Source material
☆ ☆ ☆ ☆

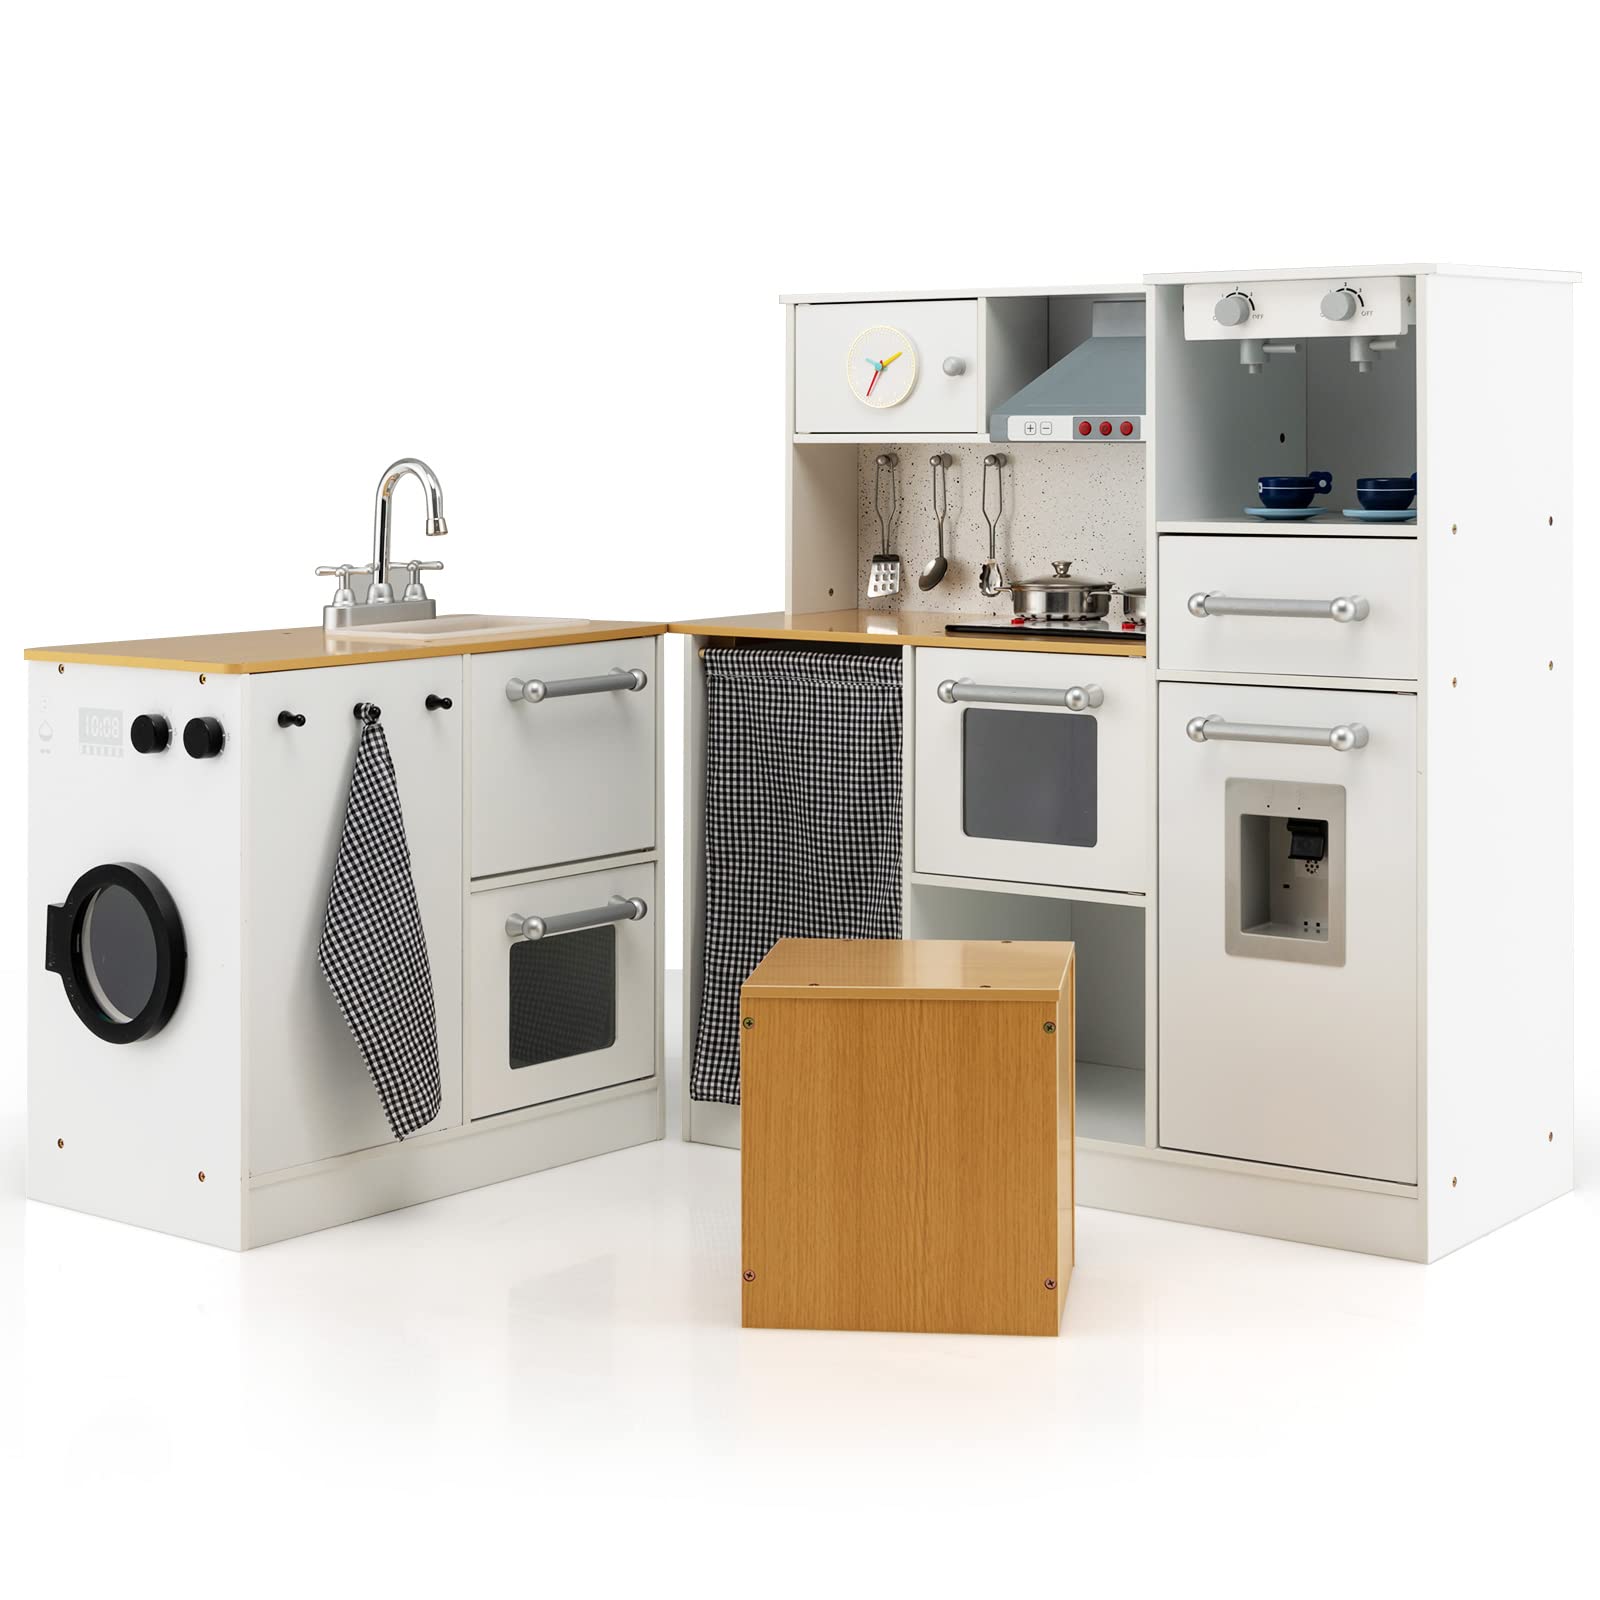 Red Wooden Toy Kitchen with Fridge Freezer and Oven by Teamson
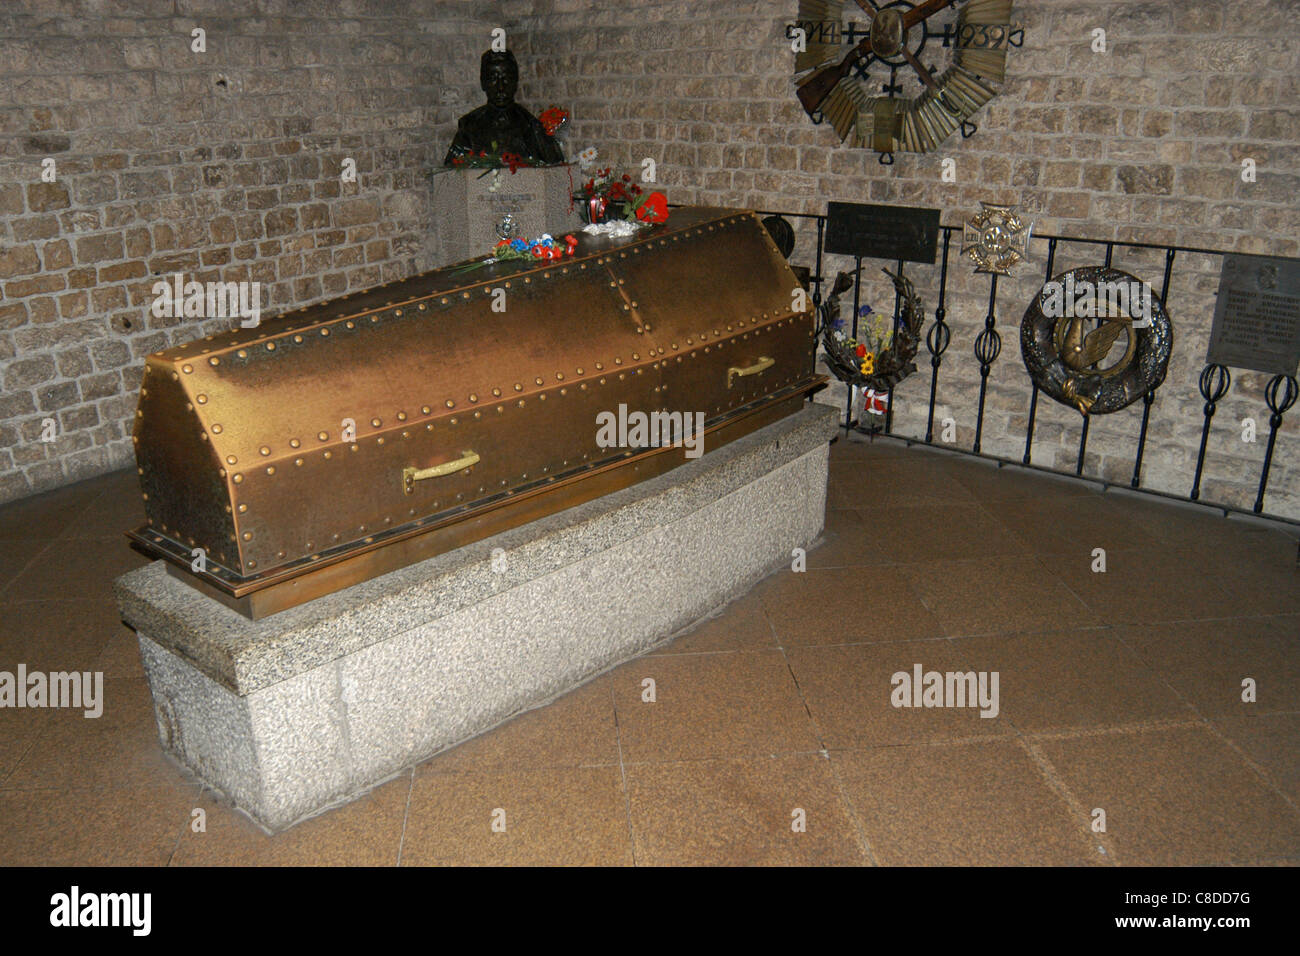 Tomb of Polish statesman Jozef Pilsudski in the Crypt of the Wawel Cathedral in Krakow, Poland. Stock Photo
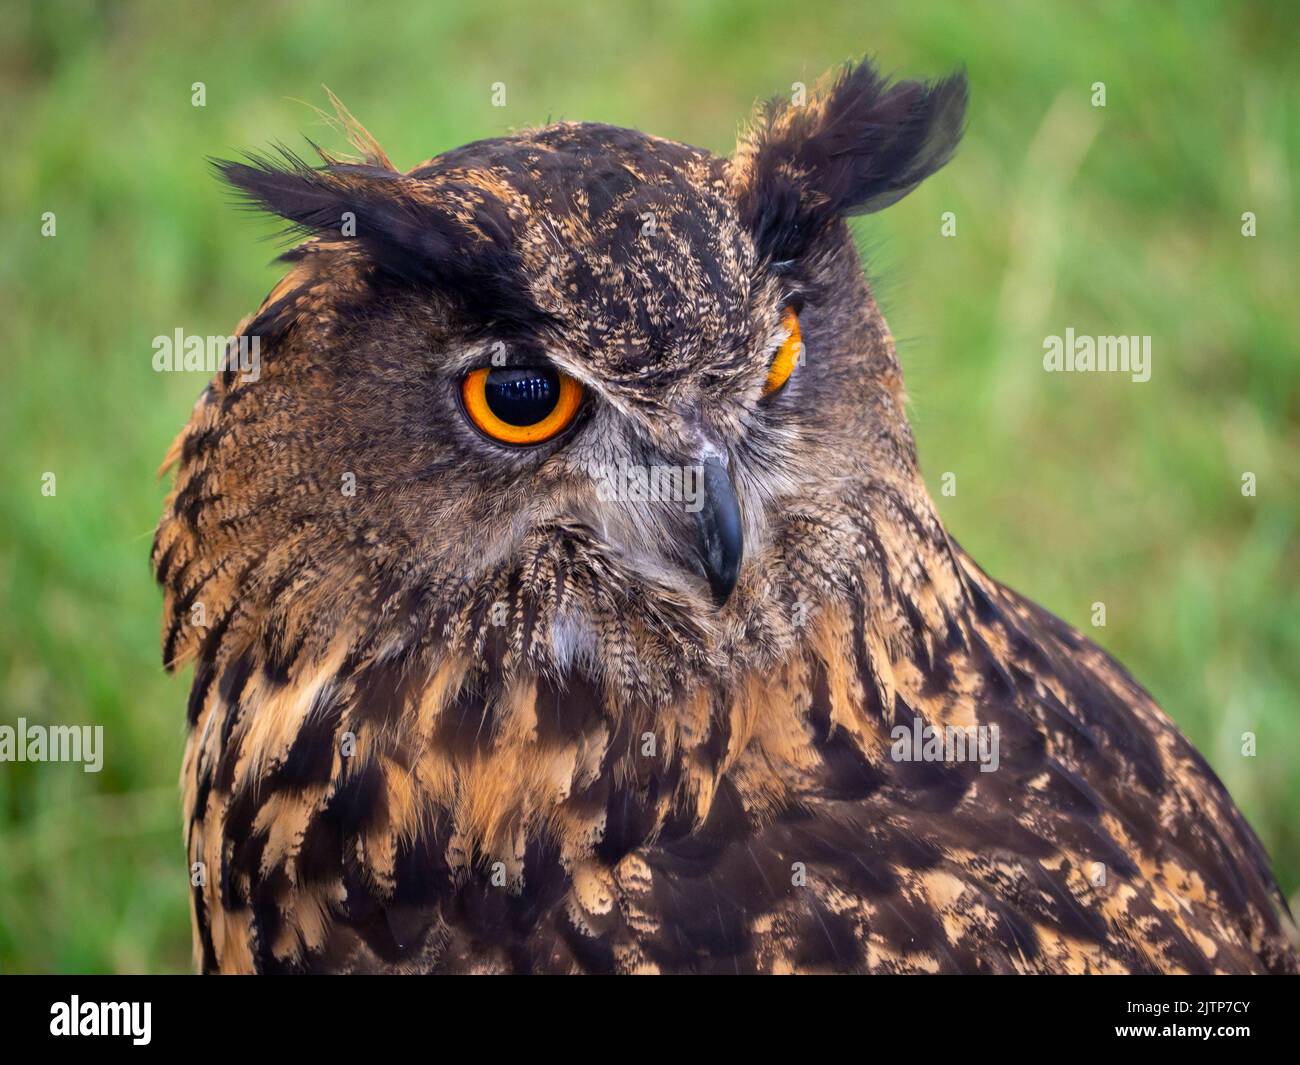 European Eagle Owl with its large orange eyes looking over its shoulder to the right Stock Photo

☆ ☆ ☆ ☆

Your instructions
From the line that contains "Tomb of Polish" to the final line of the material, write out each line exactly. Pictures stay out.

Expected answer
 Tomb of Polish statesman Jozef Pilsudski in the Crypt of the Wawel Cathedral in Krakow, Poland. Stock Photo
 European Eagle Owl with its large orange eyes looking over its shoulder to the right Stock Photo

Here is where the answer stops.